We’ll try to keep everyone updated more often during our (hopefully) short stay in Oakland. We plan to return home Thursday evening. Special thanks to the Bapas, Aunties, and Uncles for watching Lincoln and the house.

Thank you everyone for the support, care, and love.

Jul 22, 2016 3:15pm (Sara)

Well…this has definitely become “delayed” intensification. I got a call (while at work of course…thank you for the hug Jessica), and it turns out that Oakland is “booked” till Wednesday. So we have an appointment Wednesday checking in at 8:45am for a 10:10am lumbar puncture. Then the chemo infusions. Then the overnight stay to monitor organ function and urine output (hoping for just one night). Then home.

Wednesday will be 12 days after she was supposed to start part two. 12 days. 1.7 weeks. Doesn’t seem like that long but it is feeling like forever. Why can’t 12 day vacations feel this long? When I was on the phone with the nurse, I didn’t cry.

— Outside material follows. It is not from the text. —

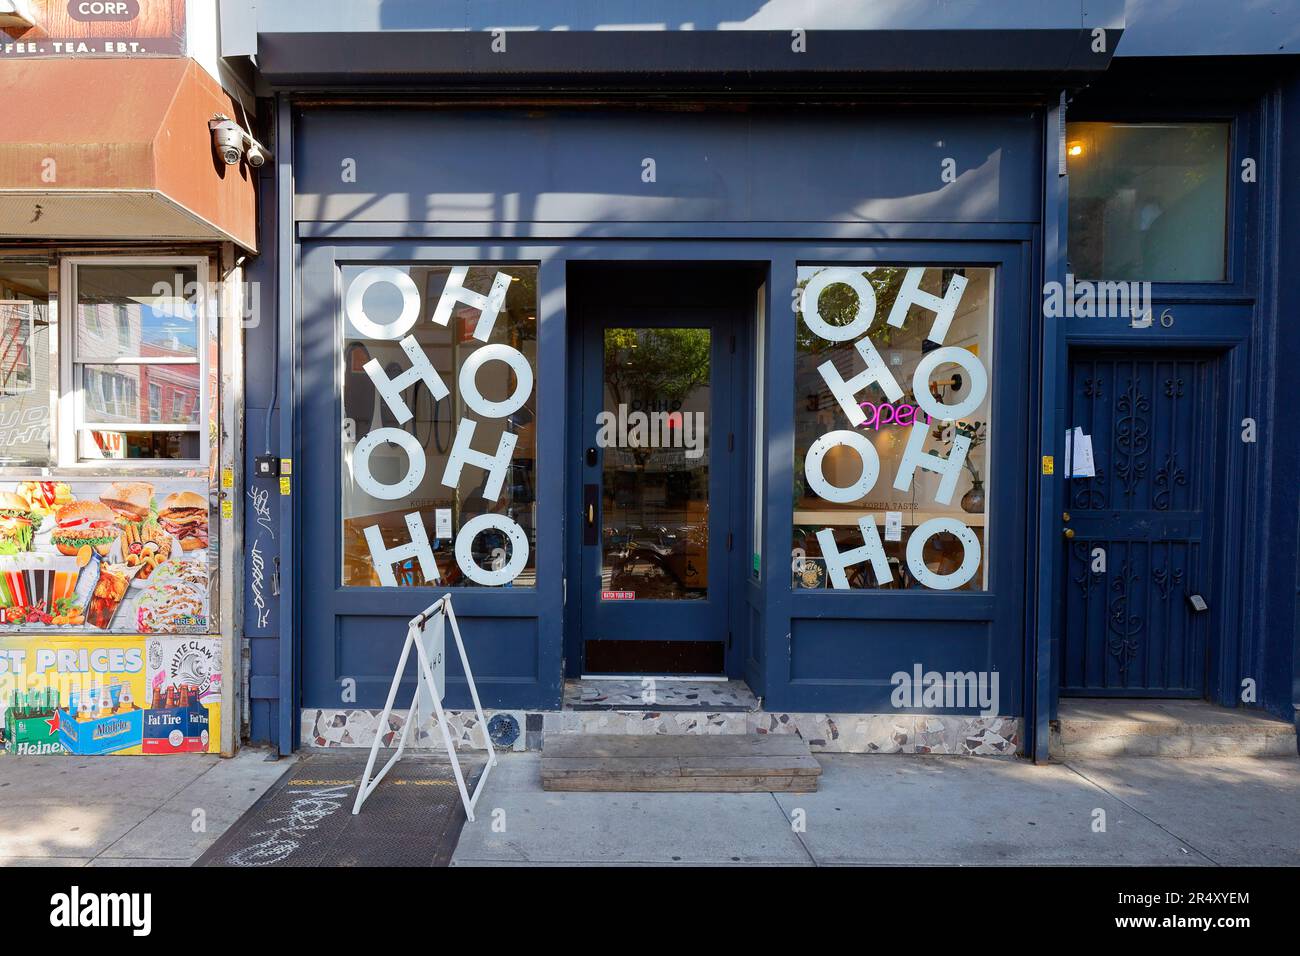 MS. OHHO, 146 Nassau Ave, Brooklyn, NYC storefront photo of a Korean restaurant in the Greenpoint neighborhood, New York. Stock Photo

I held it together for the 5 minutes it took for her to tell me the plan – or that there is a plan in the works. I some how kept from expressing my frustration (more likely fear) with the feeling of being treated as if we are guests checking into the Circus Circus Hotel/Casino in Reno. Booked? Like a hotel? What? How does that happen? And what does this really mean for Maya? I understand that she needs to make counts and blood recovery can take time. But a 12 day delay due to logistics? Well that just sort of pisses me off.

It is most certainly not the nurse’s fault and she was kind to put me on hold and go ask (for the 4th time) what this might mean for Maya’s ultimate prognosis and chance of relapse. She returned with “in the grand scheme of things, this delay really shouldn’t make any difference”. There’s that word again “shouldn’t”. I really wish they would just say “well, we really don’t know…” because they probably don’t know. They see relapse. They don’t know why it happens. But with a protocol so rigid and scripted, it makes my stomach tighten with fear thinking that we aren’t following this well researched road map exactly. I am aware that is probably the perfectionist in me but…I can’t change it. I can just deal with it.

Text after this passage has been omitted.